Review of the provider's 3/2024 Virtual Monitoring policy revealed:
*"Virtual monitoring (VM) is a patient safety nursing intervention that involves remote visual monitoring of the patient by a trained virtual monitor. Monitors are a live feed and are non-recordable."
*Virtual monitoring may be indicated based on a patient's fall assessment and/or nurses' discretion:
-Patient falls, confused or impulsive patients, high fall risk, or patients previously on VM that may need re-initiation of VM.
*"Nurse educates patients/support person of VM using scripting and provides written materials.
*Privacy mode will only be utilized when staff are at bedside and can ensure patient safety.
*Communication will take place between direct care provider at bedside and the virtual monitoring tech prior to the use of privacy mode.
-Privacy mode will be activated to software default or as specified by bedside staff needs."
Review of the provider's undated Virtual Monitoring/Virtual Nursing education revealed:
*"Goals:
-To reduce overall falls, reduce injury falls, reduce 1:1 in person sitters, decrease unwitnessed falls, and decrease imagine due to falls.
*Installed new cameras, speakers, and new TVs in 19 Med/Surg patient rooms.
*What?
-Virtual Monitoring Technician (VMT) 24/7.
-Able to monitor about 32 patients at a time.
*Privacy:
-In rooms where patients are being actively monitored, the virtual monitoring technician has access to the live camera feed.

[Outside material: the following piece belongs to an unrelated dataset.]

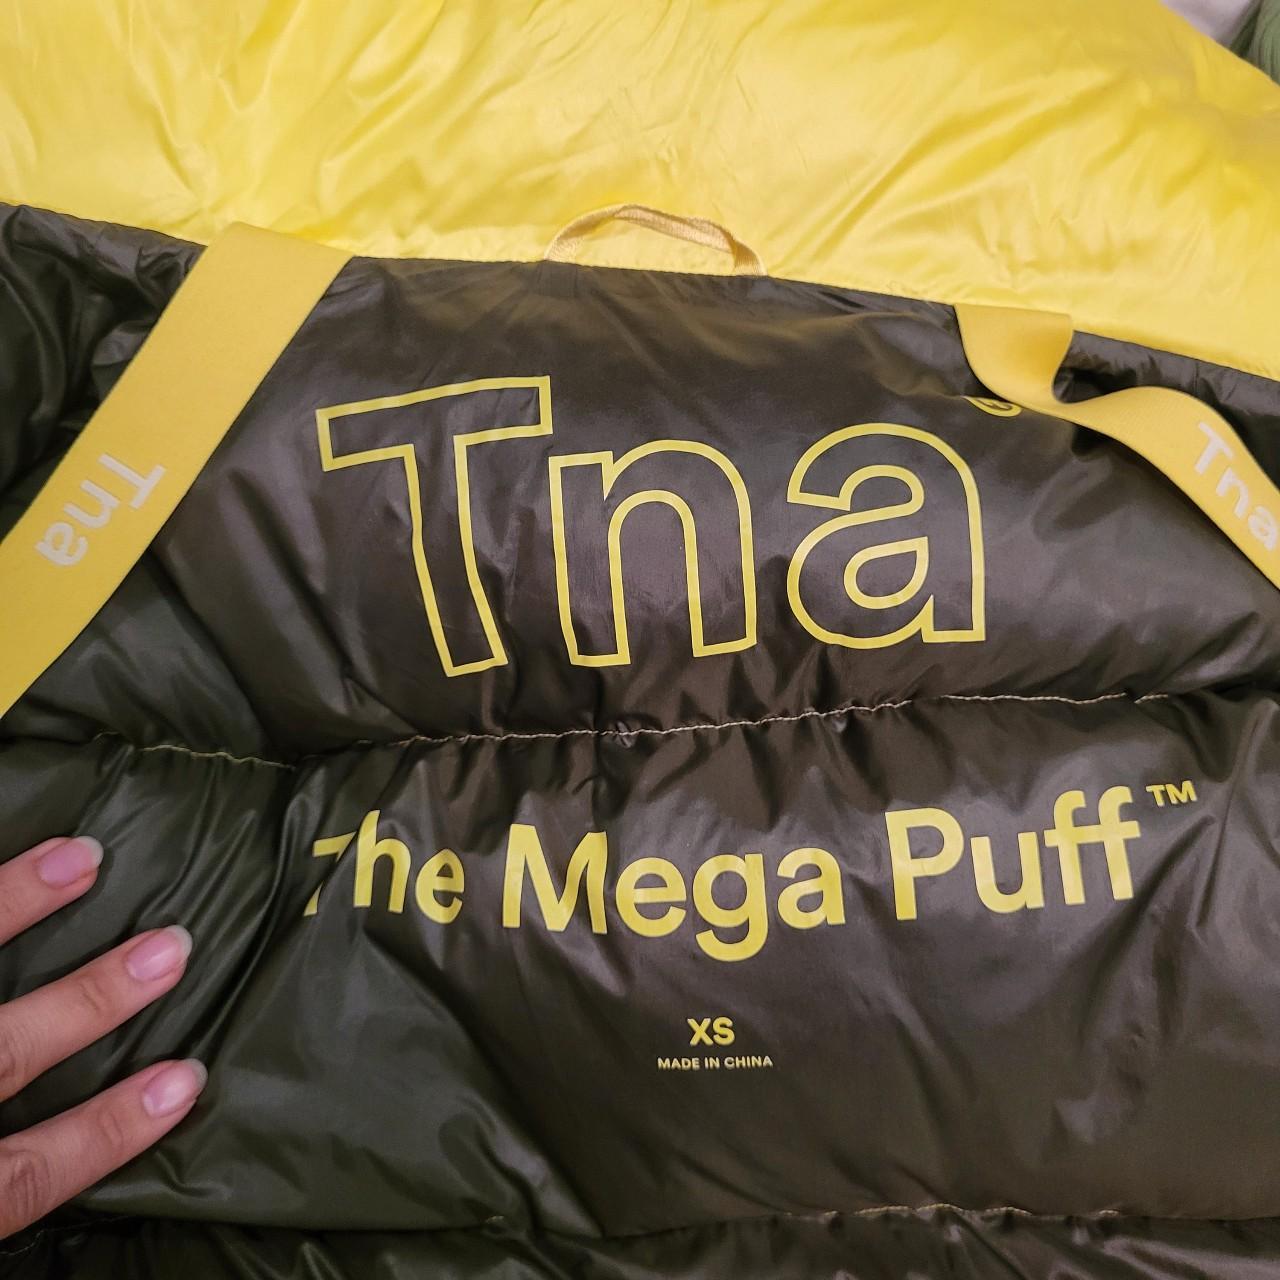 Aritzia TNA Mega Puff coat in size XS, modeled on... - Depop
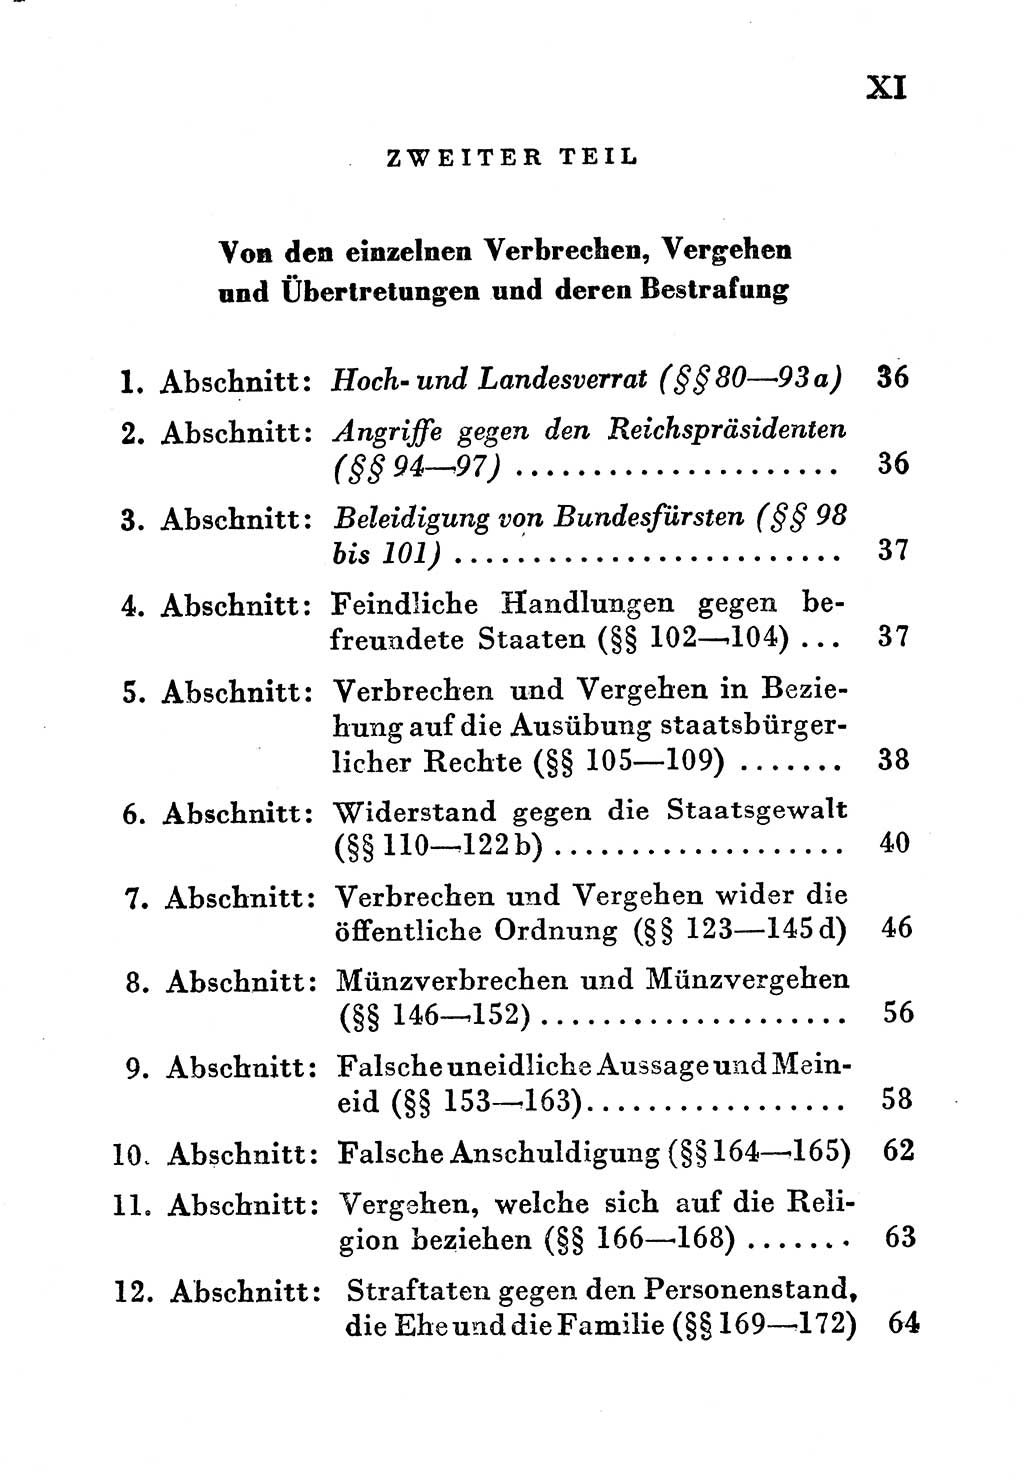 Einleitung Strafgesetzbuch (StGB) und andere Strafgesetze [Deutsche Demokratische Republik (DDR)] 1956, Seite 11 (Einl. StGB Strafges. DDR 1956, S. 11)

-Virtual Nurses will also have access to the live camera feeds and may be monitoring rooms to provide care to the patient and to support the bedside team.
*Privacy-Talking Points for Patients:
-You may have noticed a camera and speaker in your room. On this floor/unit, we will be using this innovative technology in our patient rooms to monitor patients who are at risk of falls and to enhance patient care and to provide virtual nursing.
-This technology will be used by your virtual nurse and virtual monitor, who are members of your care team. The camera system will be on at all times to help keep you safe and well cared for.
-There is also a privacy mode that can be turned on by the trained virtual staff should you need it. In this mode, the virtual staff will not be able to see you."